LE: Yeah. It's on the one hand that they'll be doing that on the other and then they'll also be saying, but to go faster, you know, this is all about scale and acceleration - to go faster and bigger, if you like, and to be investing in some of the emerging markets, this is what we need from you. Someone described to me this week, now they were an engineer, but they just used this term that we're going from science to engineering - that this is what the COP is. And to a degree I agree, right. We need the engineering, we need to know how to actually get things done. What are the battery technologies or the new technologies that we will get electricity at scale, how will we deal with some of the carbon capture and storage questions, et cetera. Now somewhere between the science and the engineering, I think a few other things that need to happen. We need to finance, we also need the will, the political will and the boardroom will to make that happen.
Why are ERM at COP 27?
LE: So ERM has a delegation going, it will be led by our CEO, Tom Reichert. And why we are at COP is, we believe we have a very strong message around implementation. This is what ERM does. We help companies get things done. We help them set their ambition, but I think more importantly, we actually help them figure out where to put their capital, how to make the decisions that are needed and how to actually help their own companies transition, all the change, change management that goes on and Matt perhaps you can give some examples of the sorts of things that we're helping companies actually do.

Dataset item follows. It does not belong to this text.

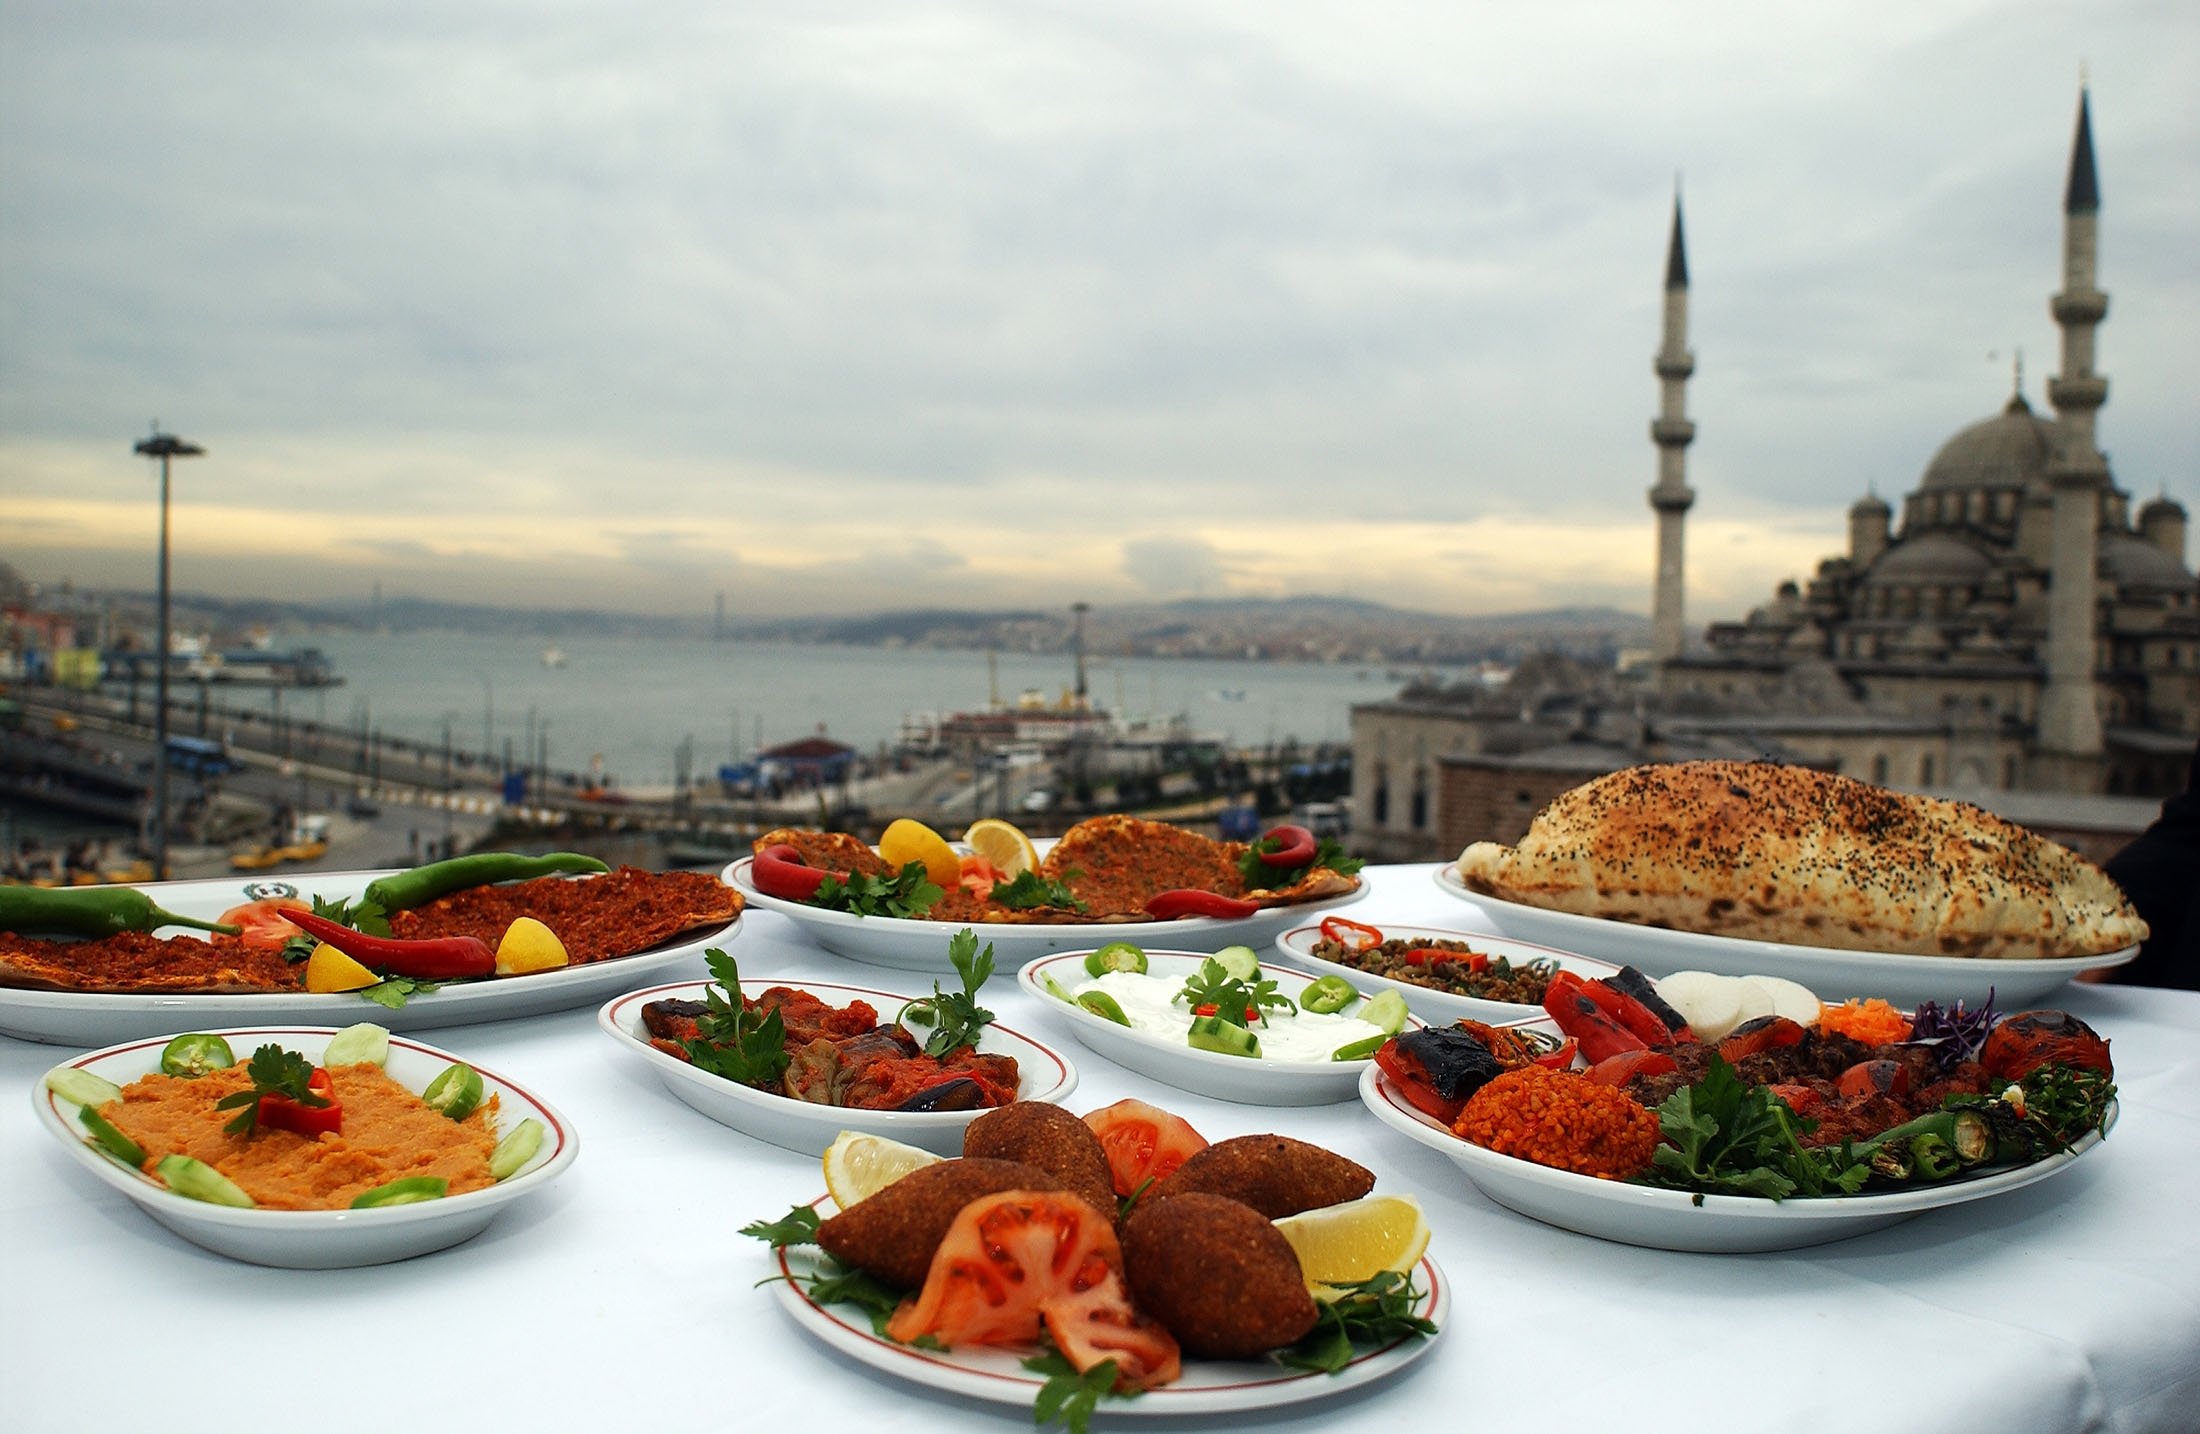 Turkish dishes can be seen with the New Mosque in the background, in Istanbul, Turkey, May 24, 2006. (Shutterstock Photo)

MH: Yeah, it's a good point, Linden. So I'll give you a couple of examples. One is is we're doing a lot of work to help companies execute all the renewables technologies. So we're doing some really innovative stuff. On the one hand, innovative but also just scaling renewables, whether it's offshore wind to hydrogen, just the simple acts of getting trillions of dollars invested into renewable technology. So we're doing that all the time. We're also doing a lot of work helping companies understand where the new technologies are coming from, when they'll be available, what the economics are, when do, when do their own growth trajectories coincide with those new technologies. So that's an increasingly big thing.
LE: So, in terms of kind of what we're actually doing at COP where we're hosting our own events for example, we've got an event about offshore wind, the focus of that is bringing together stakeholders to see about how can we deploy offshore wind in emerging markets at scale. Any country with a coastline basically can look at offshore wind as part of their energy mix going forward. So, we'll be bringing governments, investors, corporates, project developers, supply chains together to figure that question out.
We also have experts who've been invited onto other panels. We have one of our colleagues who's presenting with the Brazilian Government about and the Food and Agriculture Organization. We have another colleague talking about the fertilizer, the decarbonization of the fertilizer industry with the European Bank for Reconstruction and Development with U.S. government agencies who are deploying renewables at scale across emerging markets. Our experts will be appearing on all sorts of panels on those topics, demonstrating how we are bringing action throughout the COP time period that bring real insights and again enable people who aren't on the ground in Egypt to access some of that knowledge, that expertise, that on the ground experience.
And then over the COP period we'll also have kind of feedback from our folks on the ground and from our other. But it's around the world describing and bringing to life all the topics. You know there's so much going on but we'll try and bring really pertinent insights to folks in that period and afterwards the debrief going on. So that's the ERM plan at this point in time.